**Activity:**
The response should consist of every line below, restated exactly, with no pictures.

**Collected data:**

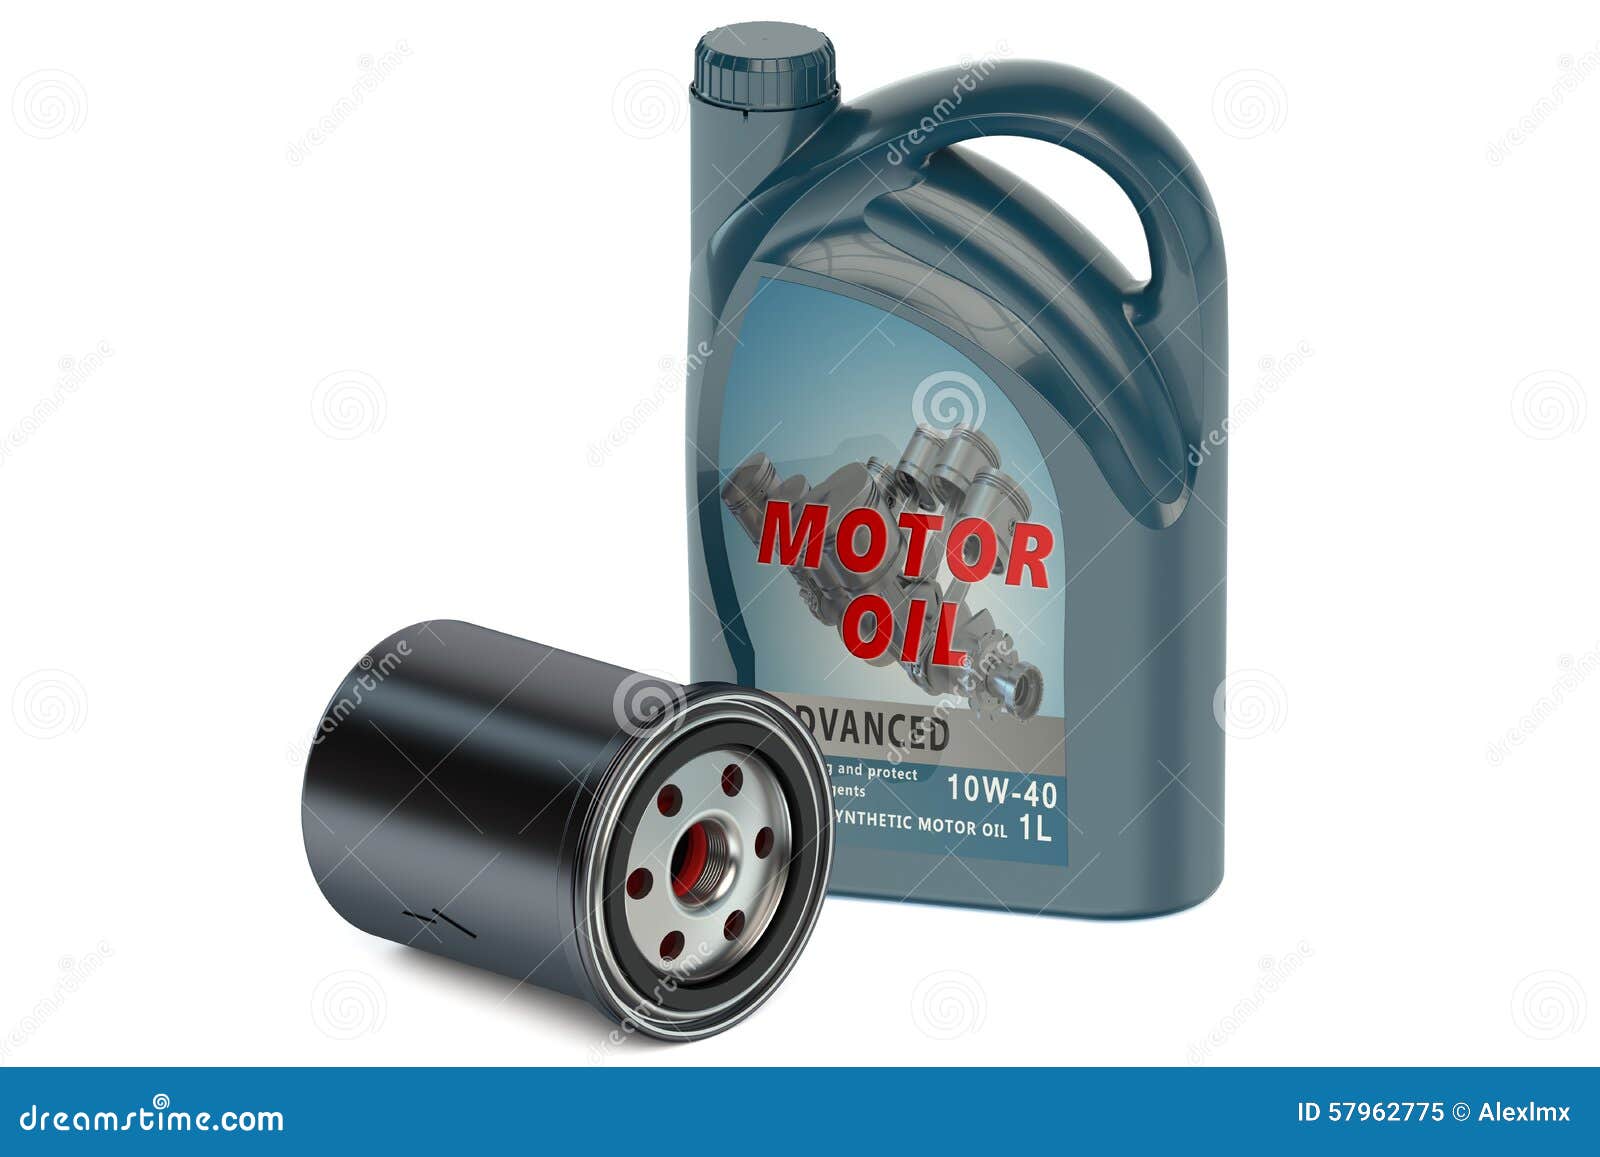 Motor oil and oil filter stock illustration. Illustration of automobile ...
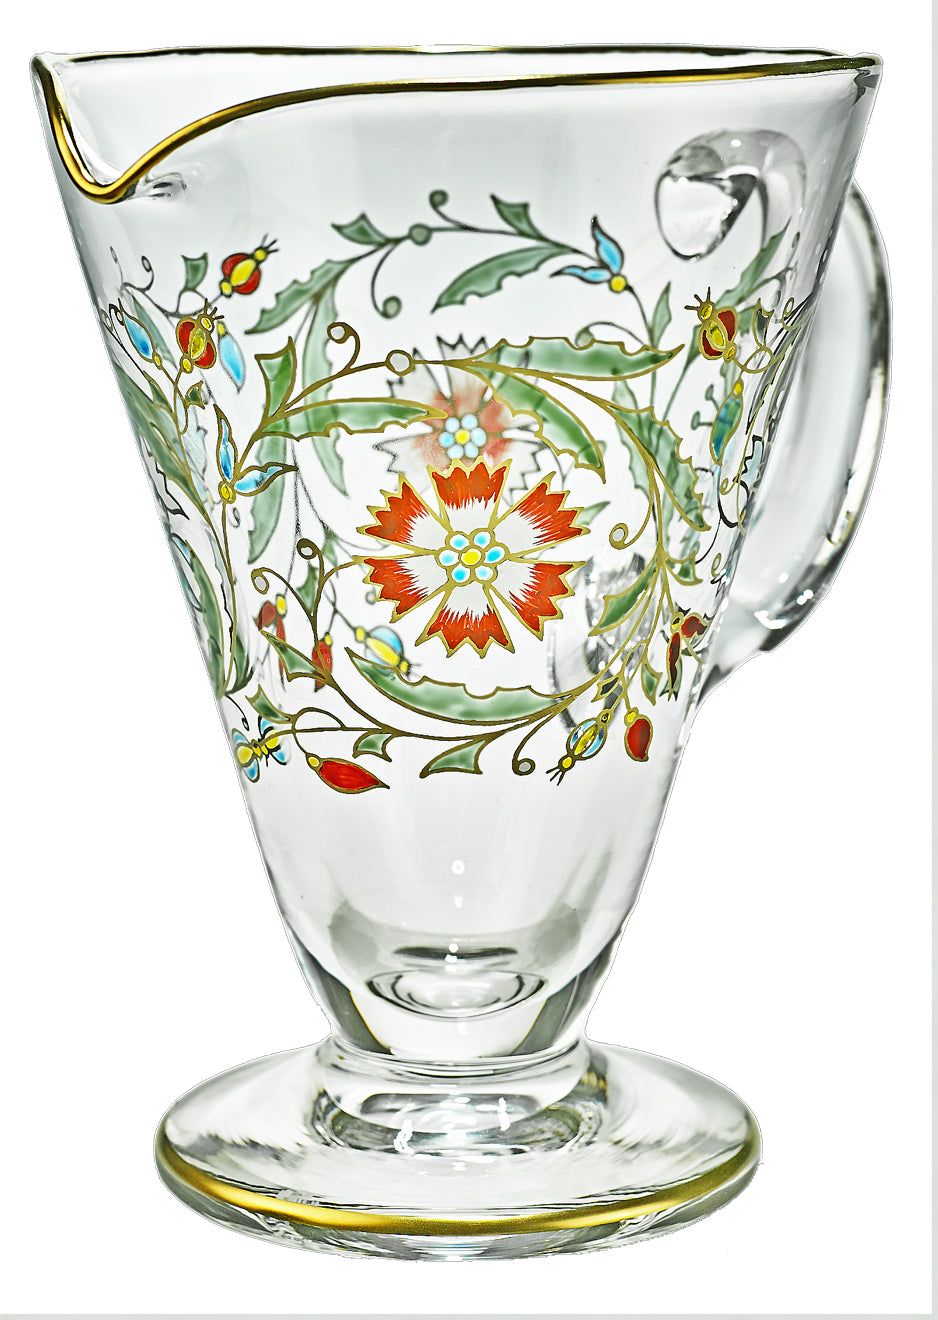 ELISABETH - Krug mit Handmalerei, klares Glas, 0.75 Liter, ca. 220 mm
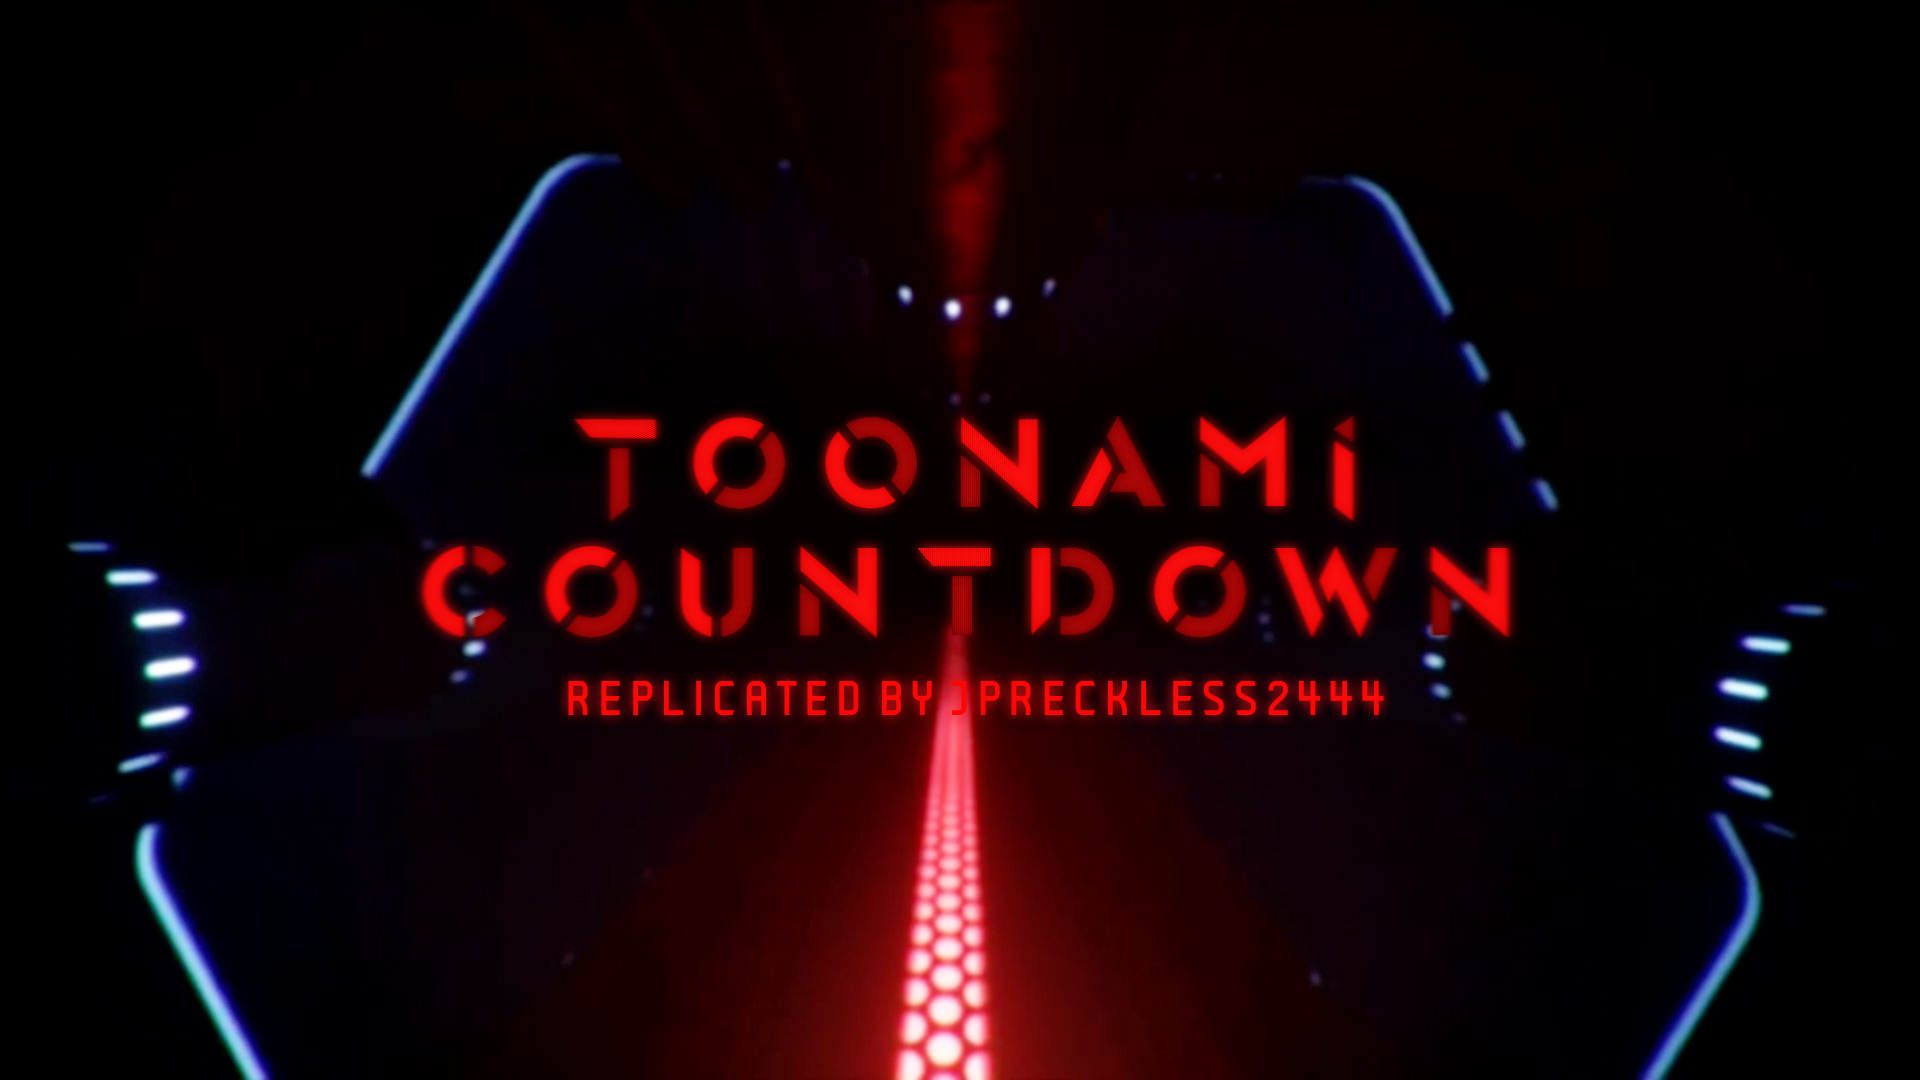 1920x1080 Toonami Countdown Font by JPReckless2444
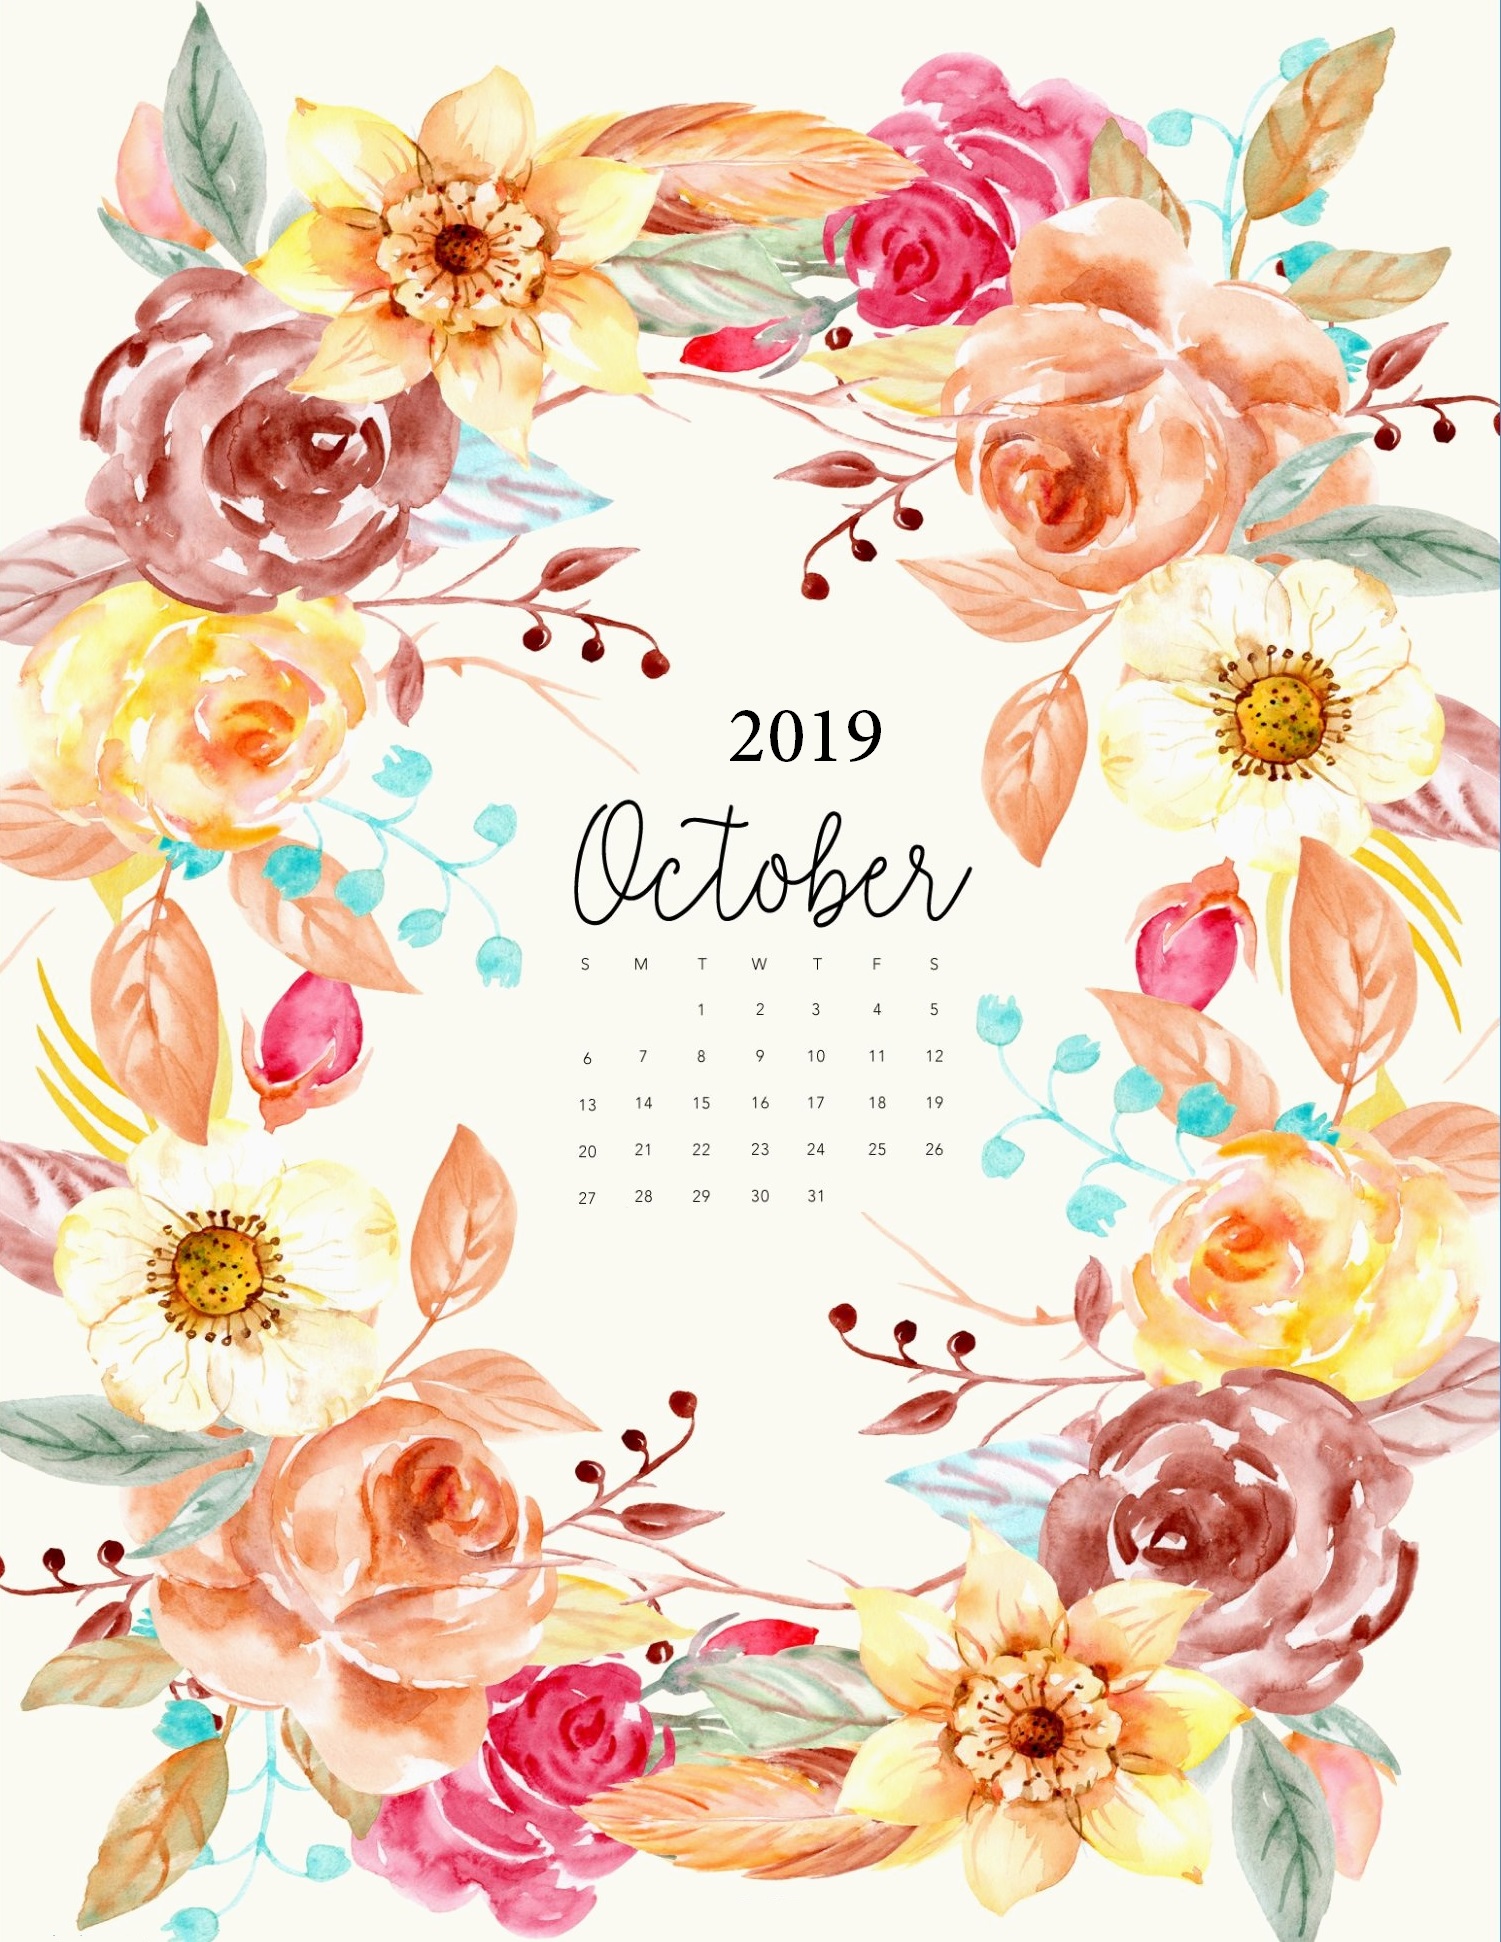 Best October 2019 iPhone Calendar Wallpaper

**Result below:**
 Motor oil and oil filter stock illustration. Illustration of automobile ...
 ELISABETH - Krug mit Handmalerei, klares Glas, 0.75 Liter, ca. 220 mm
 1920x1080 Toonami Countdown Font by JPReckless2444
 Best October 2019 iPhone Calendar Wallpaper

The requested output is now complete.